Wherever claims are made of Christ, a community inherently follows.  For the Christian, we are ushered into a kingdom with a vastly different order, with a vastly new authority.  The private confession "Jesus is Lord" is simultaneously made into the communal confession—both in the sense that upon confessing we join in the proclamations of a great cloud of wit-nesses, but also in the sense that we are ushered into a missional community by design. 
"When the Counselor comes, whom I will send to you from the Father, the Spirit of truth who goes out from the Father, he will testify about me.  And you also must testify" (John 15:26). 
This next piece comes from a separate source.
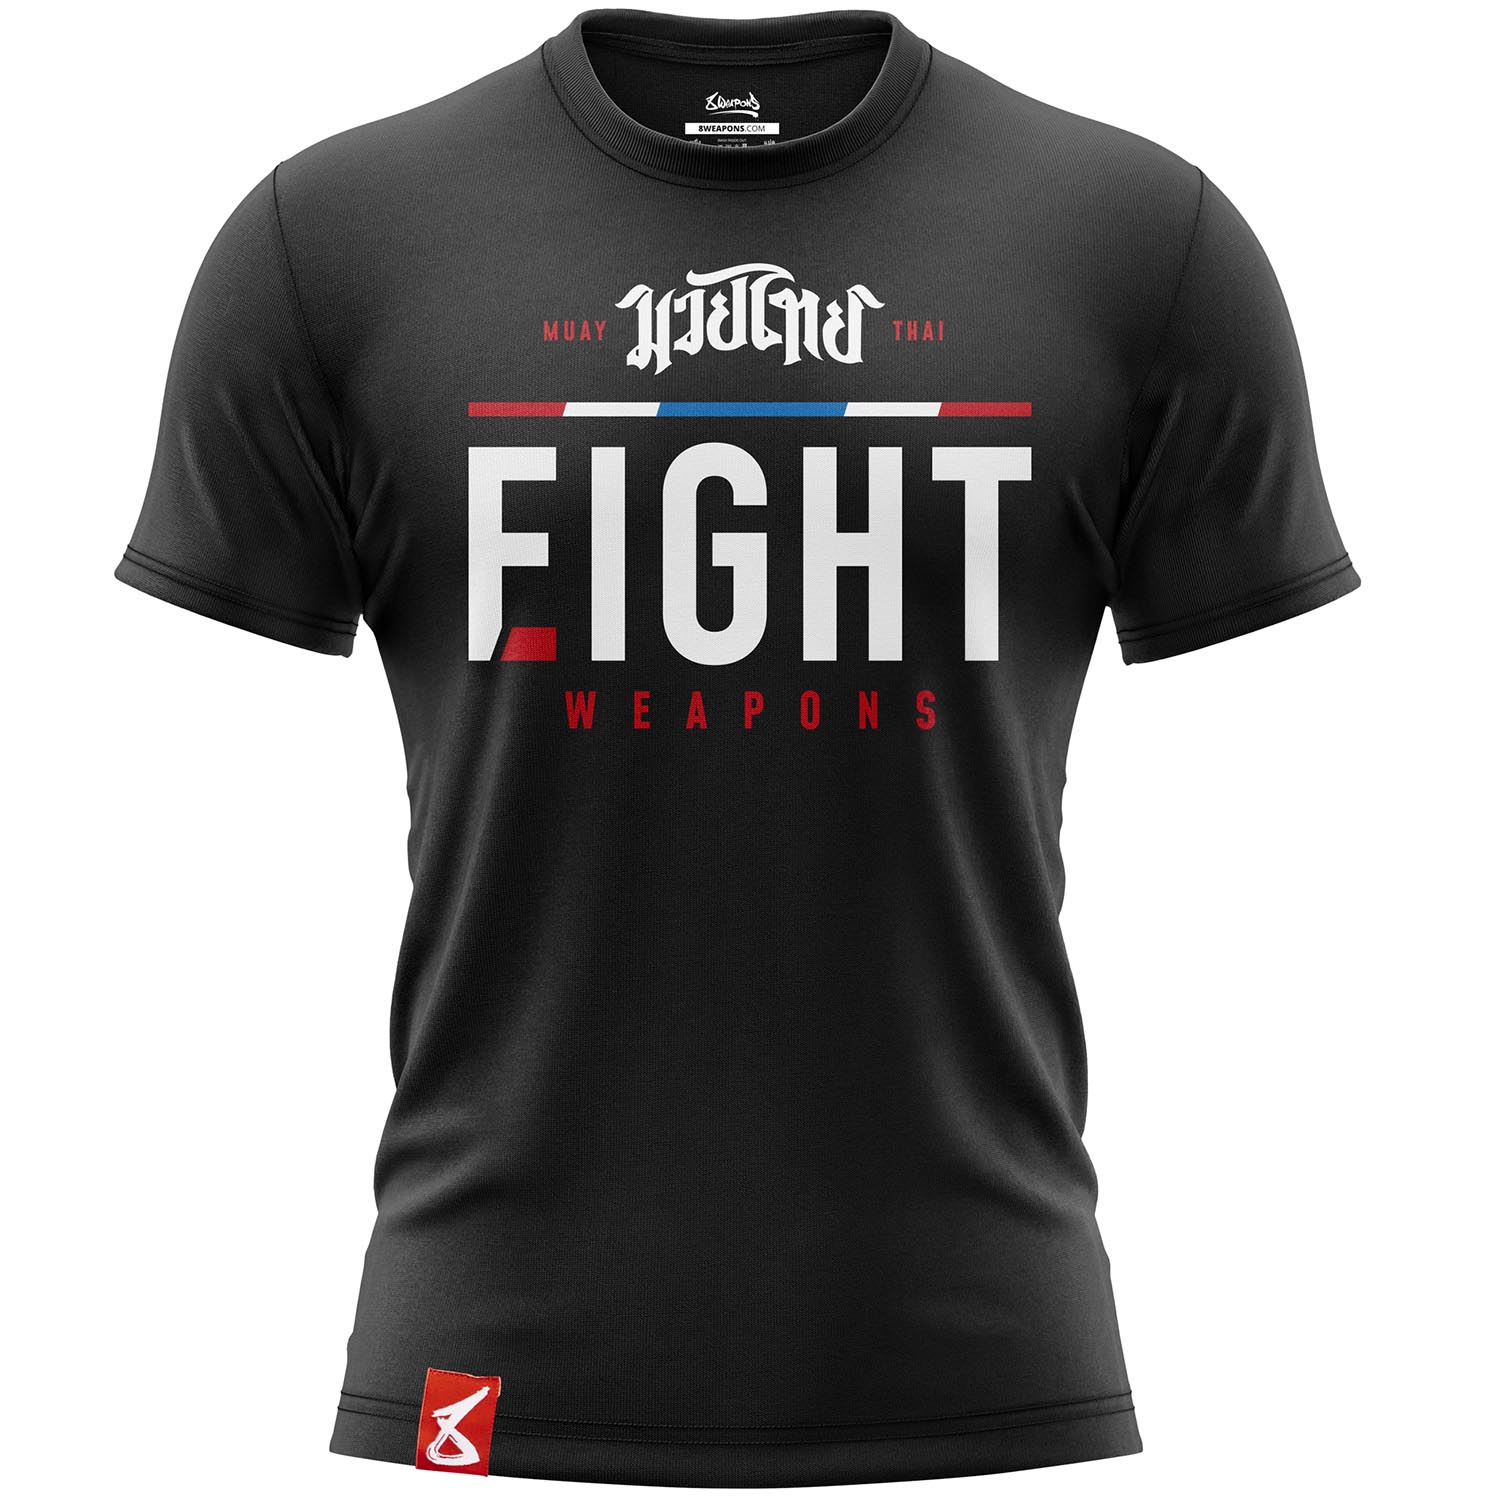 8 WEAPONS Muay Thai T-Shirt, The Fight, black, XXL

In other words, the universal invitation to believe the gospel is simultaneously an invitation to enter into the missional community and confession of the Trinity.
In this community, even what Christ calls us to claim about ourselves is far more than most feel comfort-able claiming as true or real—or even possible—about themselves:  You are the light of the world.  You are the salt of the earth.  I am the vine and you are the branches.  As the Father has sent me, I am sending you.  Yet it is specifically these claims that Christ makes on our very identities which compel us to become these people, to receive his words, and to make real the promises of the God we profess. 

Confessing Christ, we have entered a kingdom marked by nothing short of the reign of God among us.  Confessing Christ, we continue to be moved further into this good news even as we become represen-tations of the very kingdom we proclaim.  This identity, though it is Christ who clothes us, is not always an easy one to wear.  As light that shines and branches that extend from the vine of Christ, we are ourselves to be the signs of God's reign on earth, working for peace and justice here and now, showing the world that the God of peace and justice is near and also coming.  We are those who confess the reign of God is at hand and then work hands-on as a means of that confession.  As one author notes, "By its very existence, then, the church brings what is hid-den into view as a sign and into experience as a fortaste."(1).  
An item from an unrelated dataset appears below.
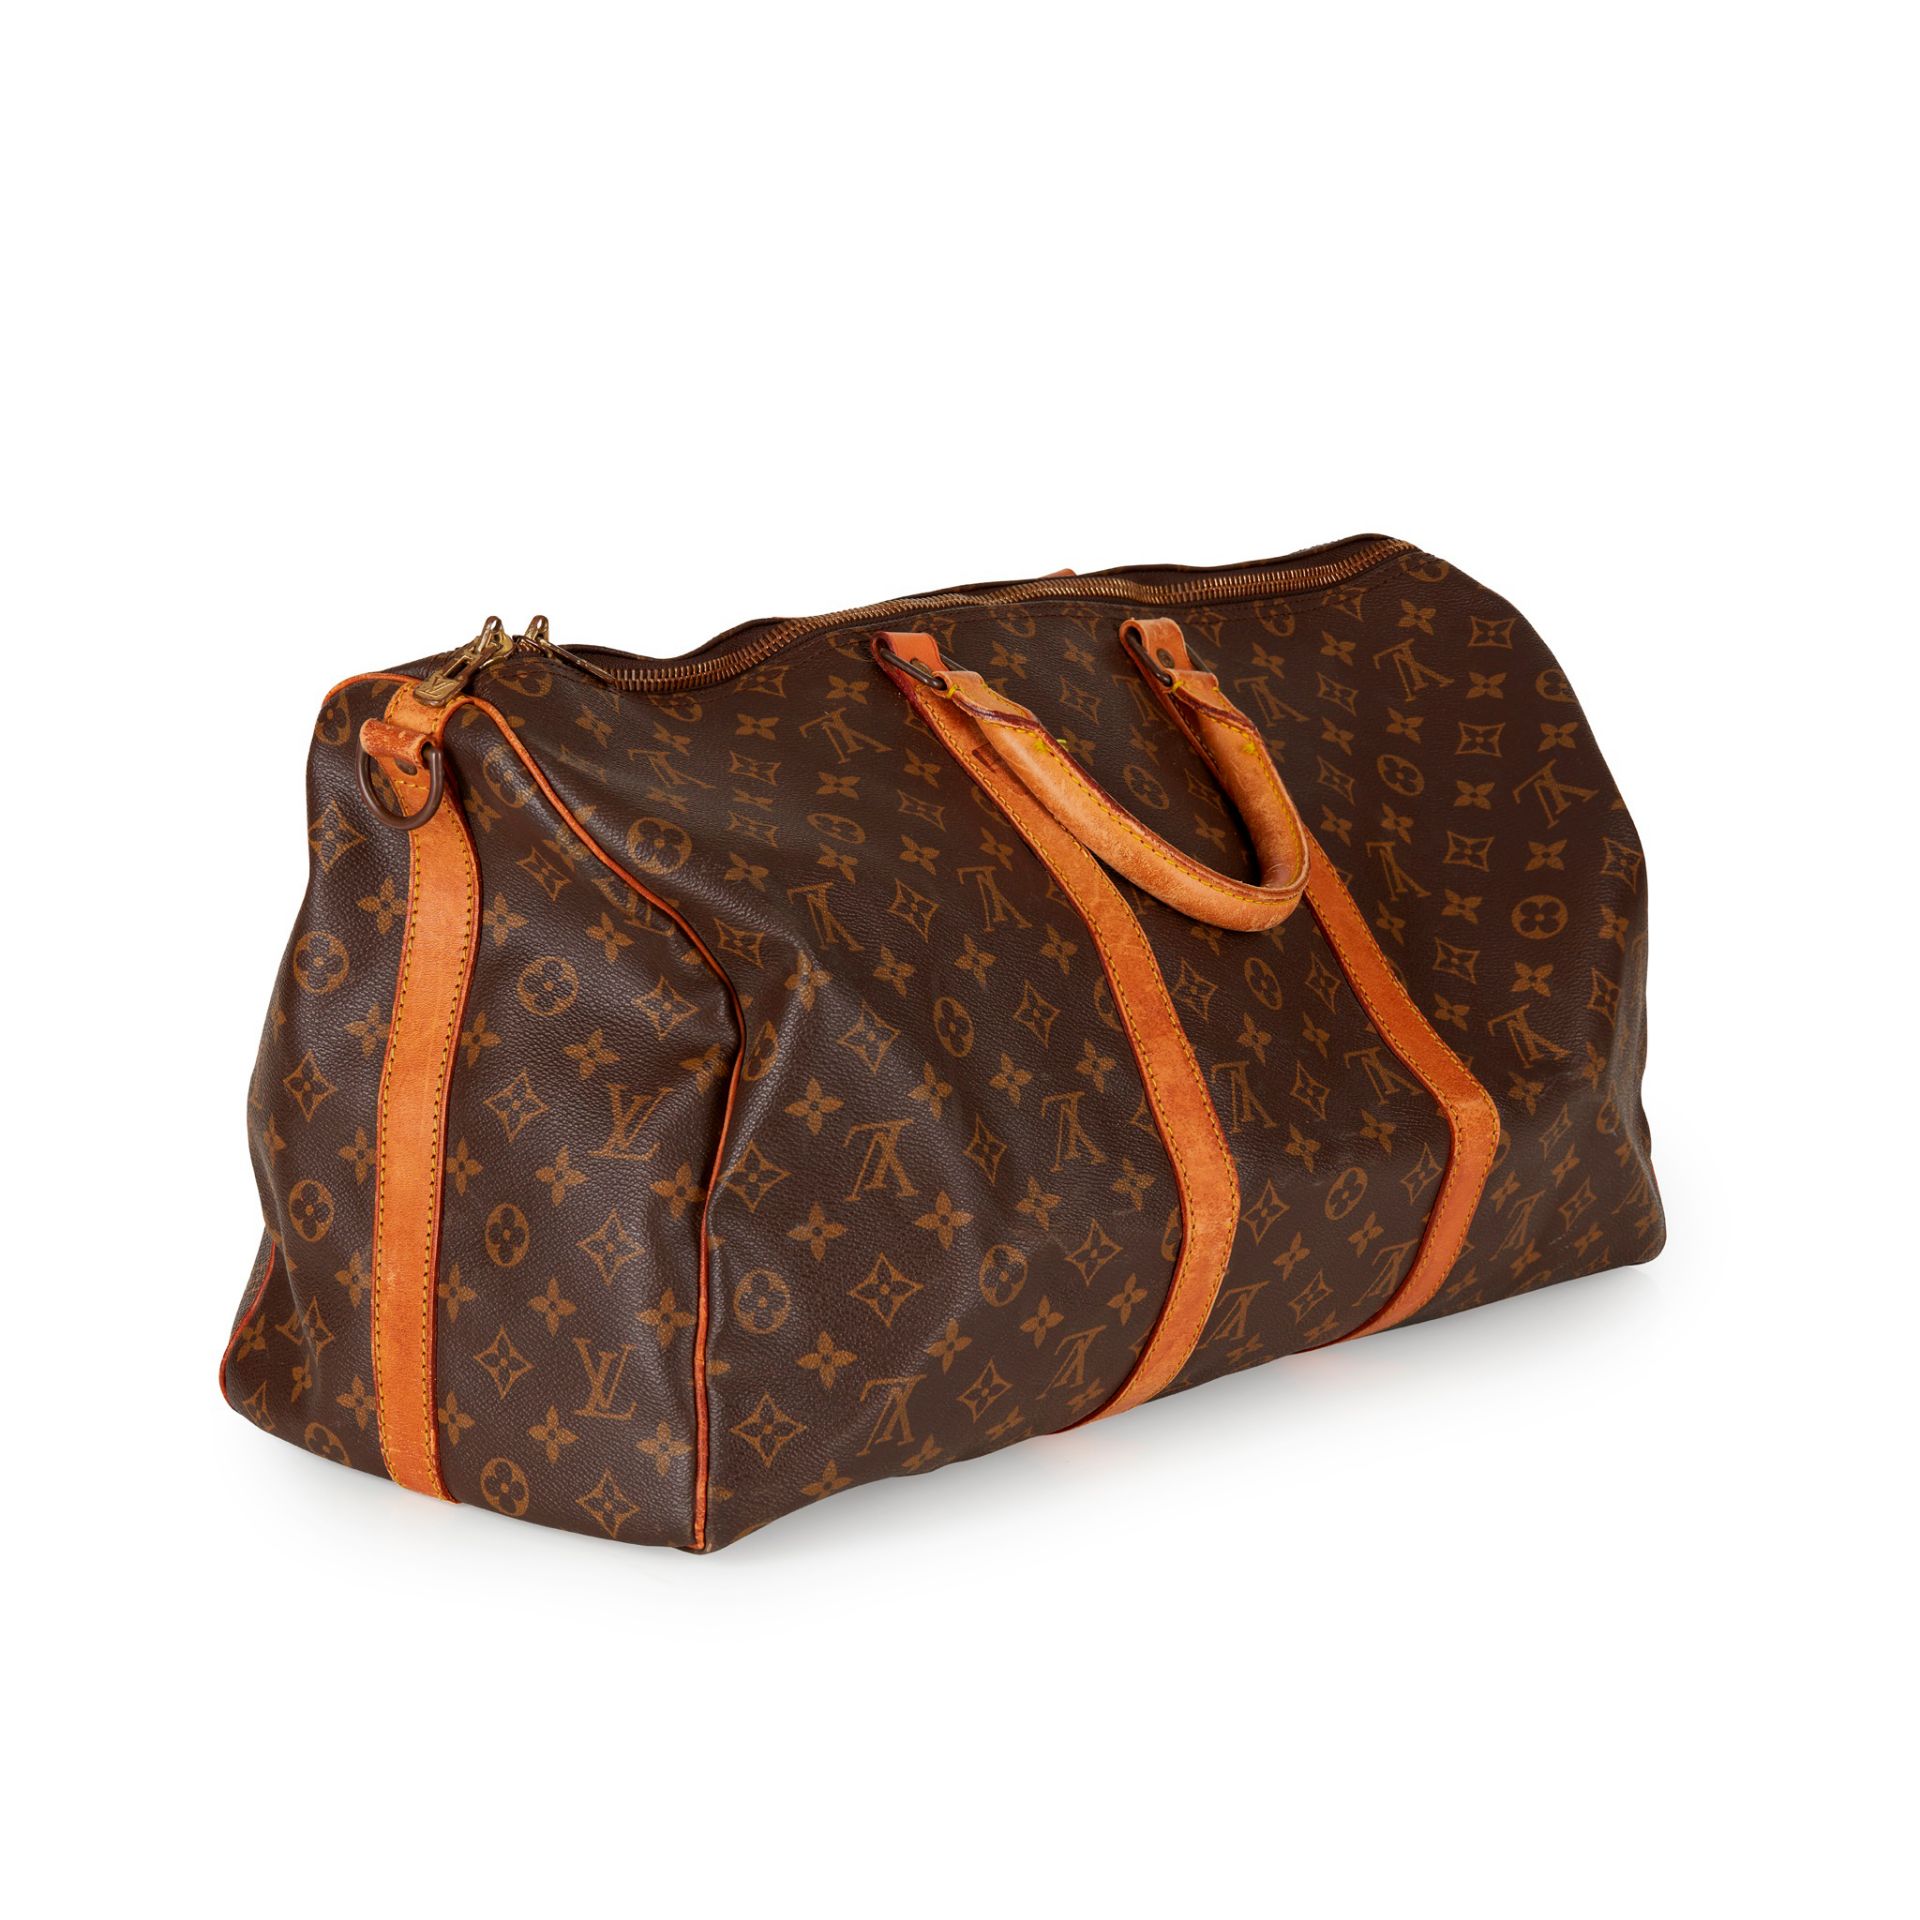 A 'Keepall Bandouliere 50' travel bag, Louis Vuitton

This is how we are able to be the light of the world; we are millions of mirrors reflecting the God of light.  Such reflection means there will be times when we ourselves are the light in the darkness, the hands that must deliver the cup of cold water or invite inside the one who has been deemed an outsider.  There will also be times when our reflection of God's reign calls for something more of us: light that refuses to be hidden though it would be easier, hands that work in opposition to injustice, confessions that fall in opposition to the world, lives that challenge the very systems that foster oppression and counter the hope of God.  The identity Christ has given us, like the identity of the kingdom he came to announce, precludes us from living as lone confessors, independent and unaffected by the cries of the world around us. 
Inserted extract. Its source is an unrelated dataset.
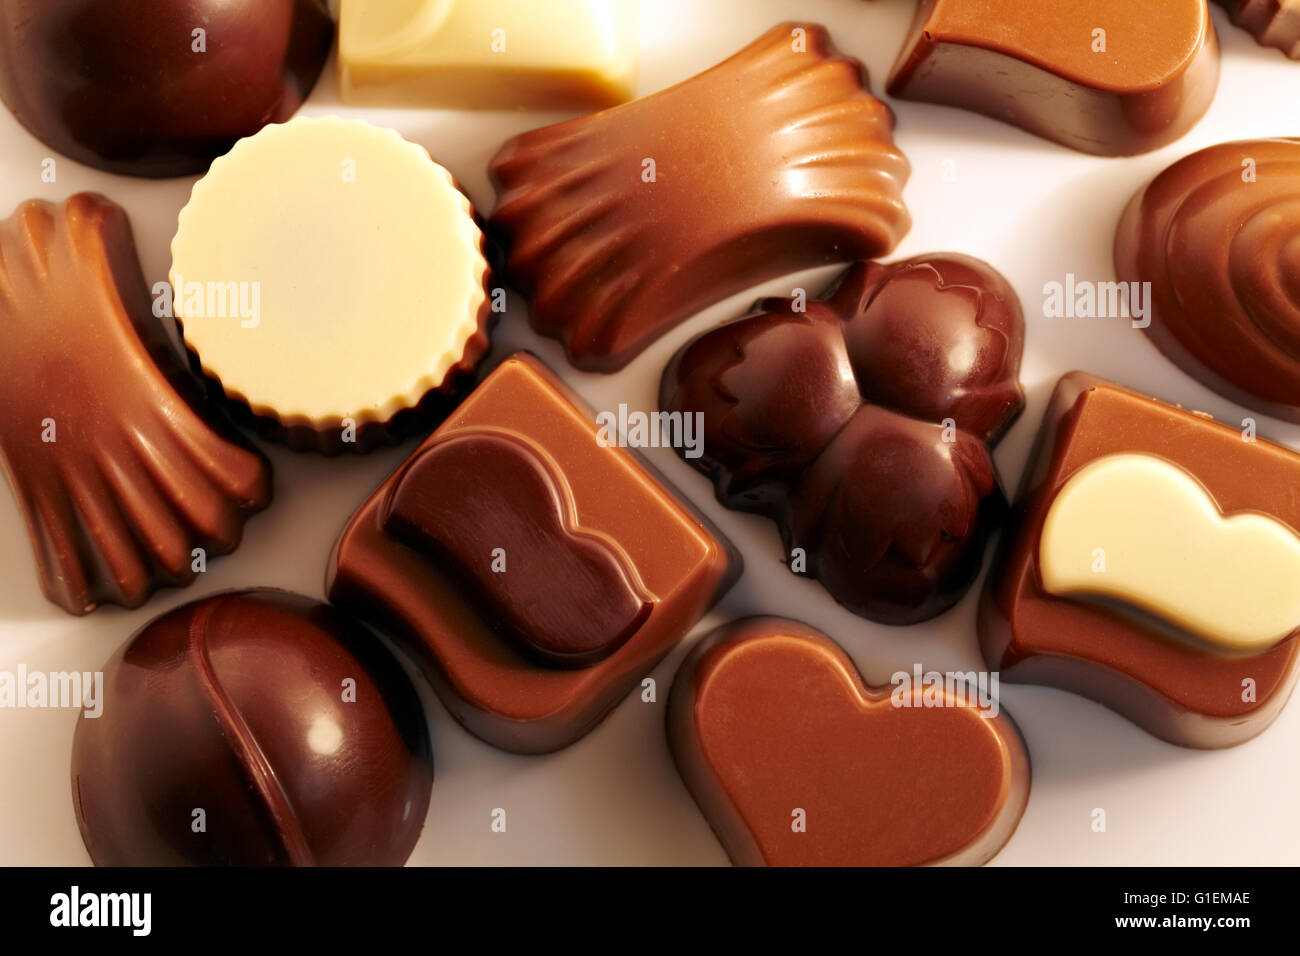 Variety of Chocolates. Stock Photo

Our mission to the world is our hope in action. In a lecture on the nature of the church, given just a few years before he would stand in formal opposition to the Nazi influence on the church, Dietrich Bonhoeffer proclaimed: "No one can pray for the kingdom...who thinks up a kingdom for himself...who lives for his own worldview and knows a thousand programs and prescriptions by which he would like to cure the world..."(2) On the contrary, the kingdom we foster and for which we pray is one we profess with the whole of our lives because it is God who reigns within it.  We are able to reflect the God of light amidst the troubling darkness of the world because the reign of God is real, because we could no sooner have invented this kingdom then we could have invented this God, and because we know of no other kingdom that is worth confessing.  We are the light of the world because of this hope we are sure: The kingdom of God is near!



Jill Carattini is managing editor of A Slice of Infinity at Ravi Zacharias International Ministries in Atlanta, Georgia.
(1) George Hunsberger, "Called and Sent to represent the Reign of God," in Darrell Guder,

ed., Missional Church: A Vision for the Sending of the Church in North America

(Grand Rapids: Eerdmans, 1998), 102.



(2) Dietrich Bonhoeffer, "Thy Kingdom Come: The Prayer of the Church for the Kingdom of God on Earth," in A Testament to

Freedom: The Essential Writings of Dietrich Bonhoeffer (New York: Harper Collins, 1995), 34.